What you should do =
Would you transcribe the whole listing exactly and drop its images?

Dataset excerpt =
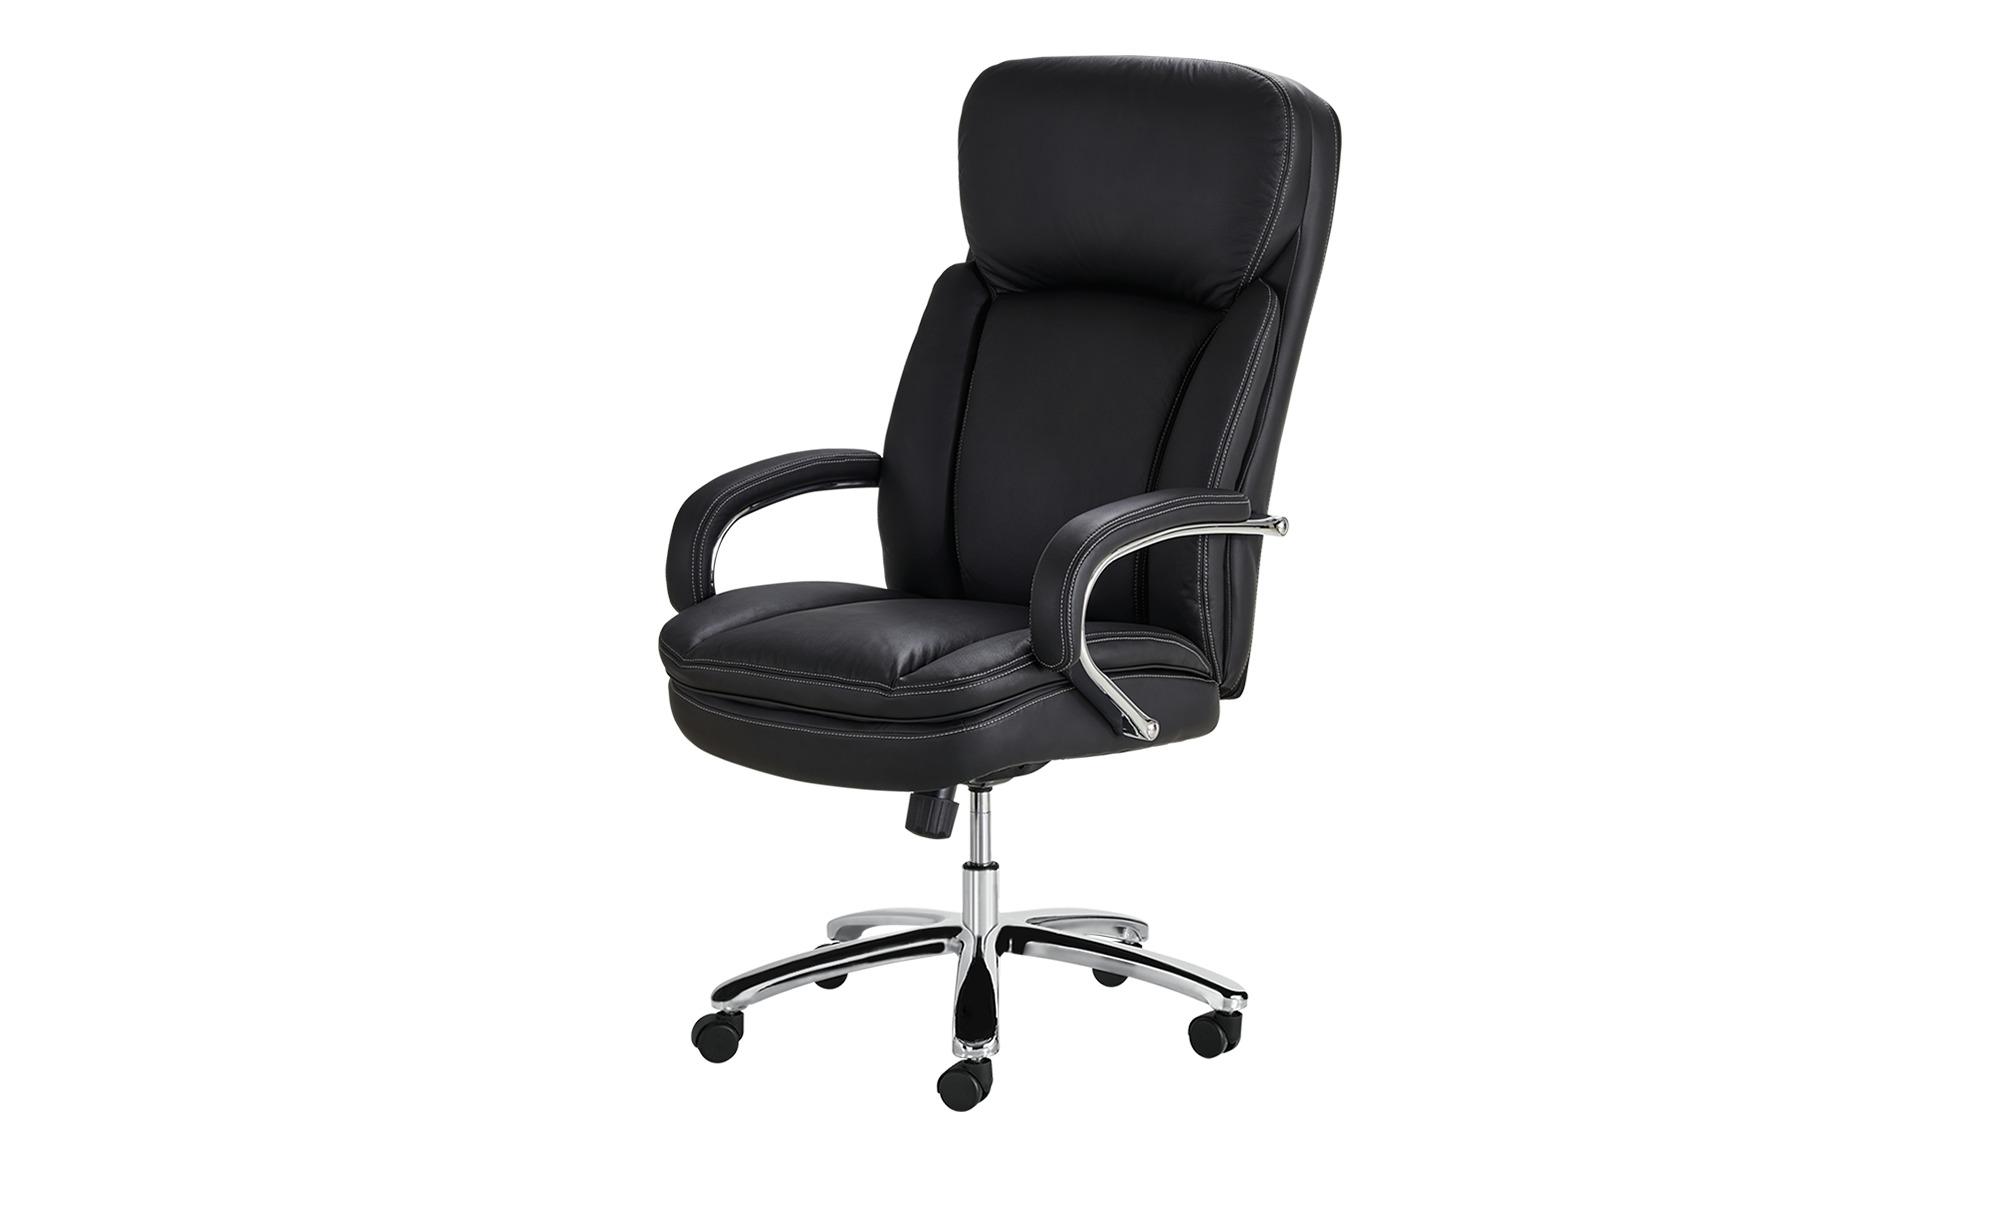 Komfort-Chefsessel - schwarz - Stühle > Bürostühle > Drehstühle - Möbel Kraft   Büro > Bürostühle und Sessel  > Chefsessel   Möbel Kraft
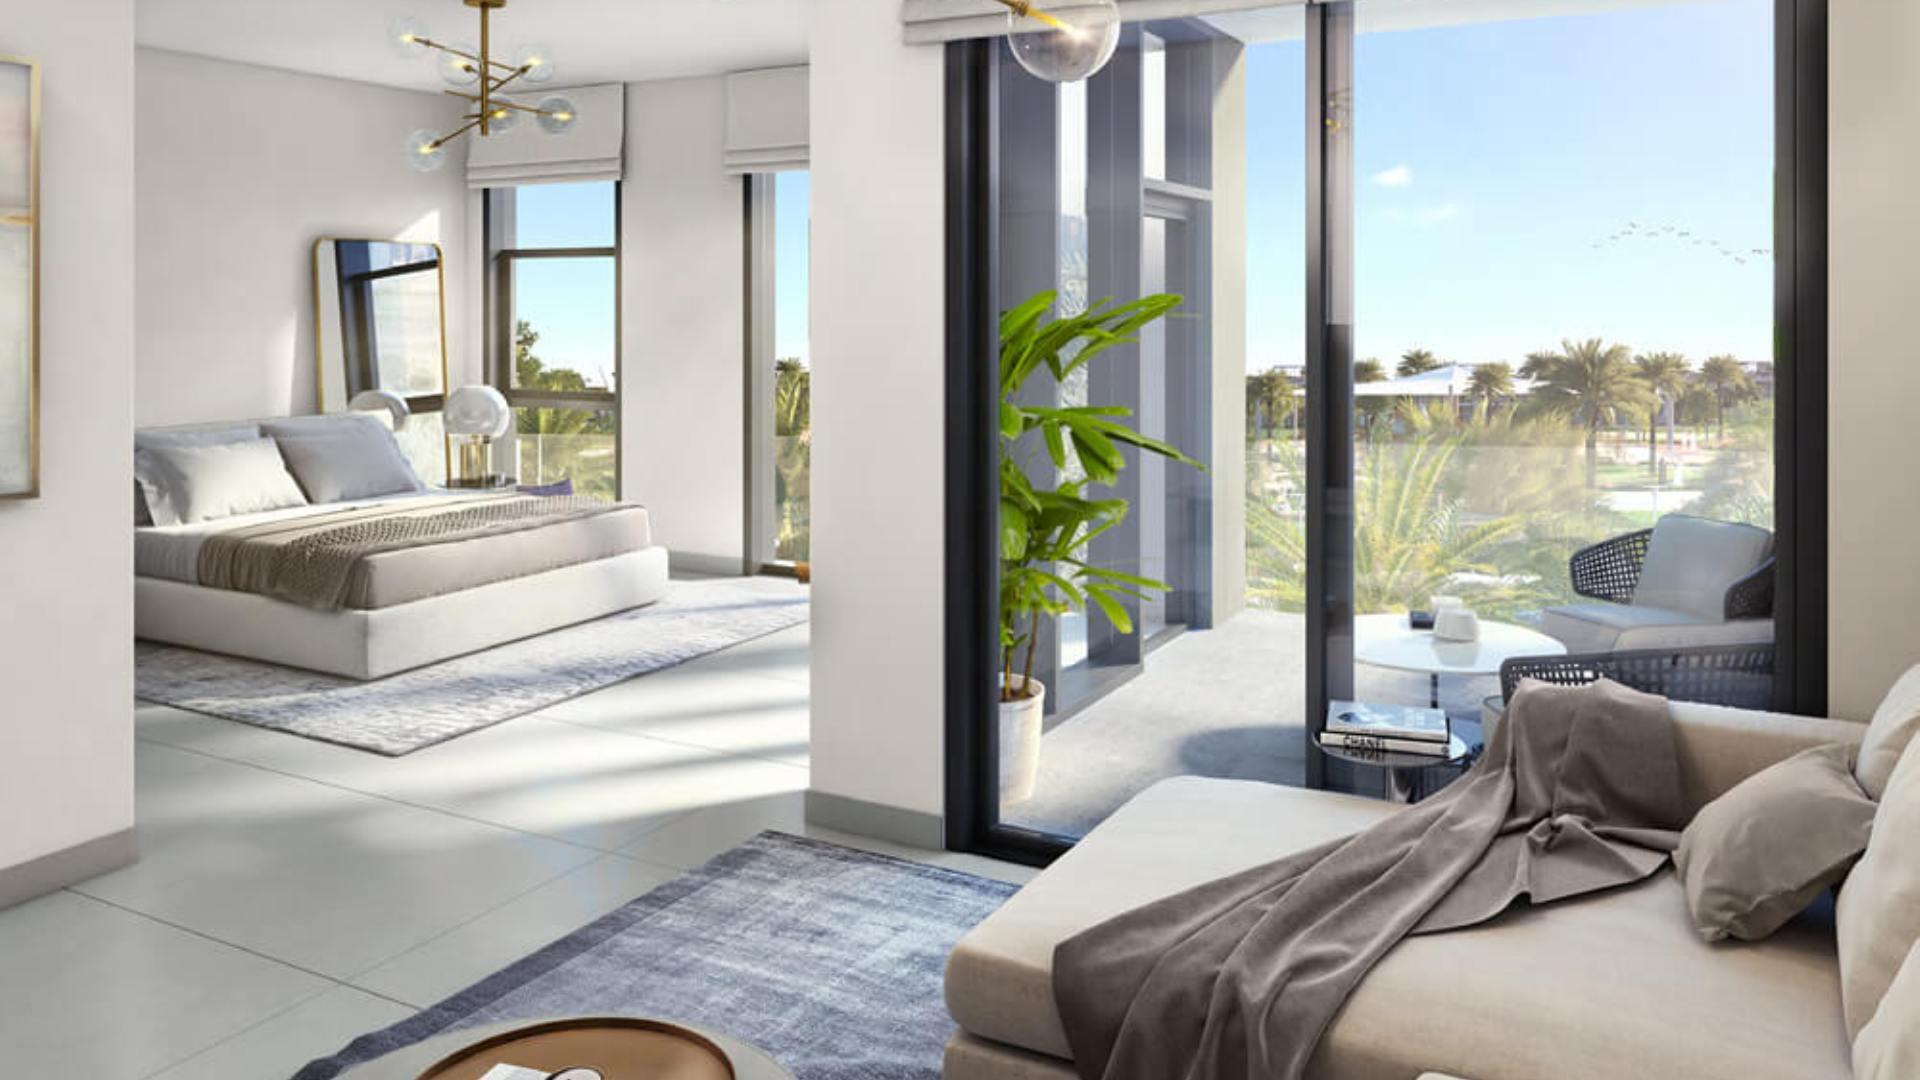 Adosado en venta en Dubai, EAU, 5 dormitorios, 293 m2, № 24142 – foto 4
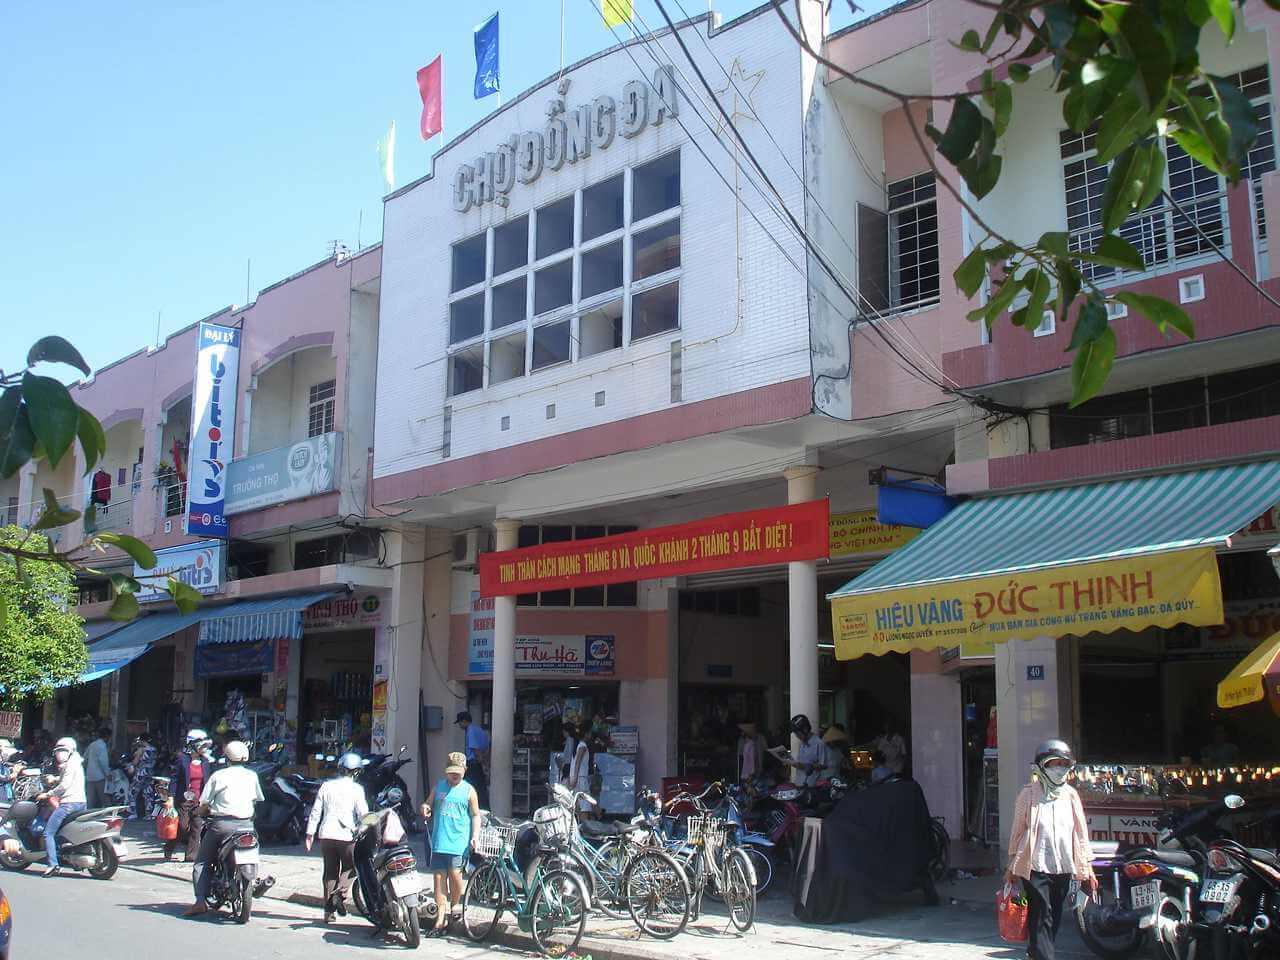 Chợ Đống Đa- chợ đồ cũ đà nẵng

Answer for the task =
 Komfort-Chefsessel - schwarz - Stühle > Bürostühle > Drehstühle - Möbel Kraft   Büro > Bürostühle und Sessel  > Chefsessel   Möbel Kraft
 Adosado en venta en Dubai, EAU, 5 dormitorios, 293 m2, № 24142 – foto 4
 Chợ Đống Đa- chợ đồ cũ đà nẵng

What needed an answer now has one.